“I believe that if we’re going to make any progress on solving our problems, we are going to need to learn to communicate”
Member of Adelphi University’s Profiles in Success program.
Director, Read a Recipe for Literacy
Building Literacy and Community
To Mary Jo Weinig even the most complicated societal problems can be addressed in a simple way.
“I believe that if we’re going to make any progress on solving our problems, we are going to need to learn to communicate,” she says.
Communication skills, literacy, confidence, and a sense of connection are at the heart of Read a Recipe for Literacy, founded in 2007 under the auspices of the Weinig Foundation. Envisioned from the start to be a community-driven, locally inspired program with a flexible curriculum adaptable for any region, Ms. Weinig’s project has flourished in sites on Long Island and in Florida, where she and her husband split their time.
The first six-week program started with potatoes in Greenport, New York. Long a staple of the Long Island agricultural economy, and a favorite food for kids of all ages, Ms. Weinig saw more than a crop or a menu item; she recognized the potential for inter-connected story-telling and learning. Over several weeks, a group of elementary-age children gathered at the local library to hear from members of their community and to engage in a variety of activities related to each topic.
Among the guests, a potato farmer and the owner of a small food company that makes organic potato chips demonstrated their day-to-day lives and work. They also shared how important reading and writing were to their experiences. For the children, there were two common links: potatoes and weekly reading, writing, and speaking tasks.

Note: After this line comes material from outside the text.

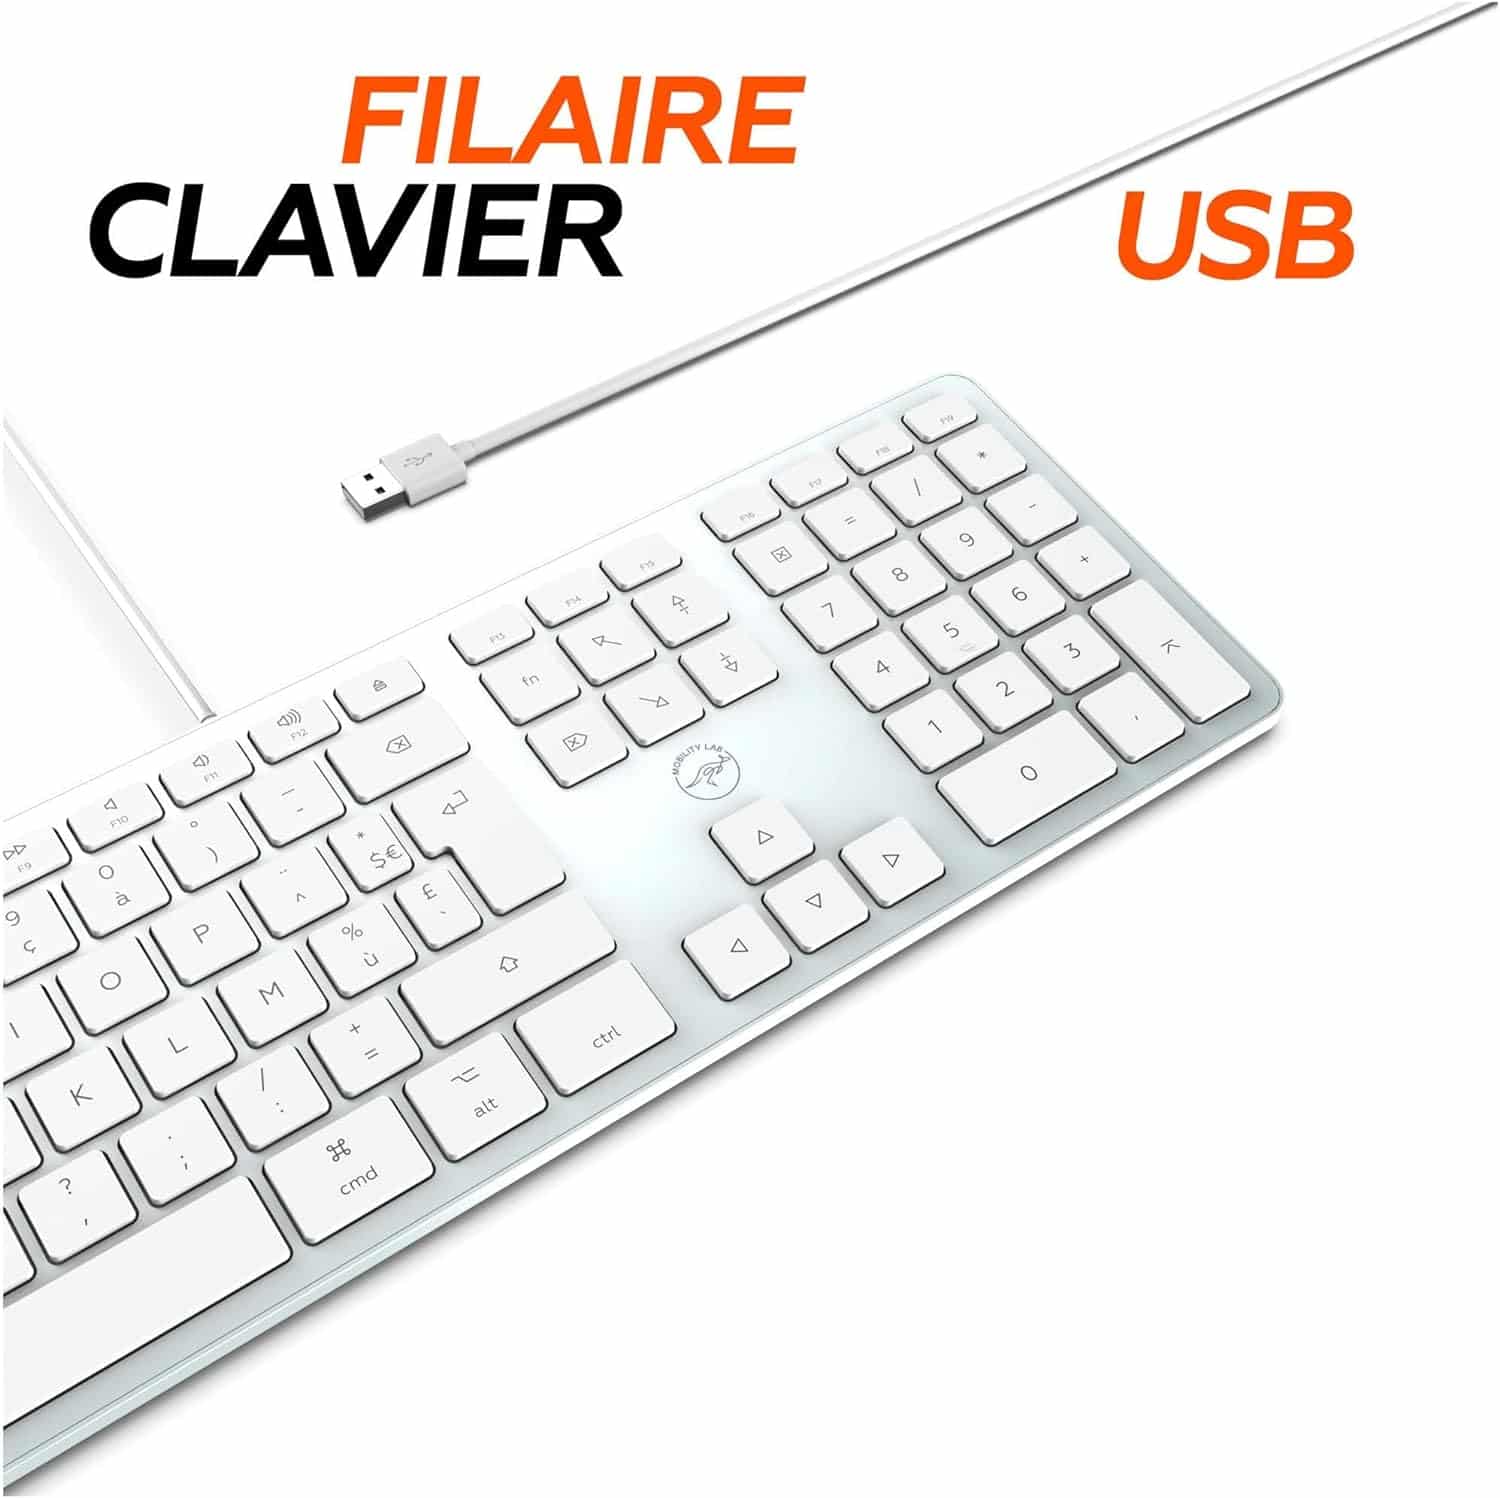 Clavier filaire dédié iMac

“Each child has a recipe book,” explains Ms. Weinig, “and they are encouraged to write their thoughts and responses to the presentations. They read and share ideas; they write, they read out loud, they draw, they engage in physical activity, and sometimes they cook together. At the end of the six weeks, they present their work to their parents and members of the community.”
“There are many ways to measure success,” says Ms. Weinig. “The children have fun, learn about the natural world, their community, their food, and all the while develop their communication skills. Parents go to a library, some for the first time. And local businesses are promoted through the guest speaker channel.”

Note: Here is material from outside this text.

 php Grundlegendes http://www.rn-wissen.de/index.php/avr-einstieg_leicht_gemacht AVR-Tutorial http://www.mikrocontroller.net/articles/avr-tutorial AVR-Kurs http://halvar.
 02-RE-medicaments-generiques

Since that first model program in (2007), Read a Recipe for Literacy has worked with partners, including libraries, schools, and recreation centers to bring this program to their community.
One of the goals of Read a Recipe for Literacy is to create a community connection by customizing the curriculum to capture the uniqueness of a particular region. This is accomplished by involving local business owners, elected officials and volunteers to participate and share experiences. The community connection is furthered by building partnerships with local community based organizations. In Southold, for example, the program is strengthened through a partnership between Read a Recipe for Literacy and the Peconic Land Trust which supports working farms in that area. This partnership has allowed Read a Recipefor Literacy to add visits to a local farm and talks by working farmers to the Long Island curriculum.
“Nothing gets people more involved than food,” according to Ms. Weinig, “and it allows us through Read a Recipe for Literacy, to bring people together and to teach and inspire.”
In a time when organic and sustainable agriculture is booming, and farmer’s markets and slow-food cuisine are becoming more readily available, Read a Recipe for Literacy is striking a chord. Later this year, the program will make its first foray into the urban gardens and eateries of New York City in collaboration with the New York Restoration Project. There is much more on the horizon.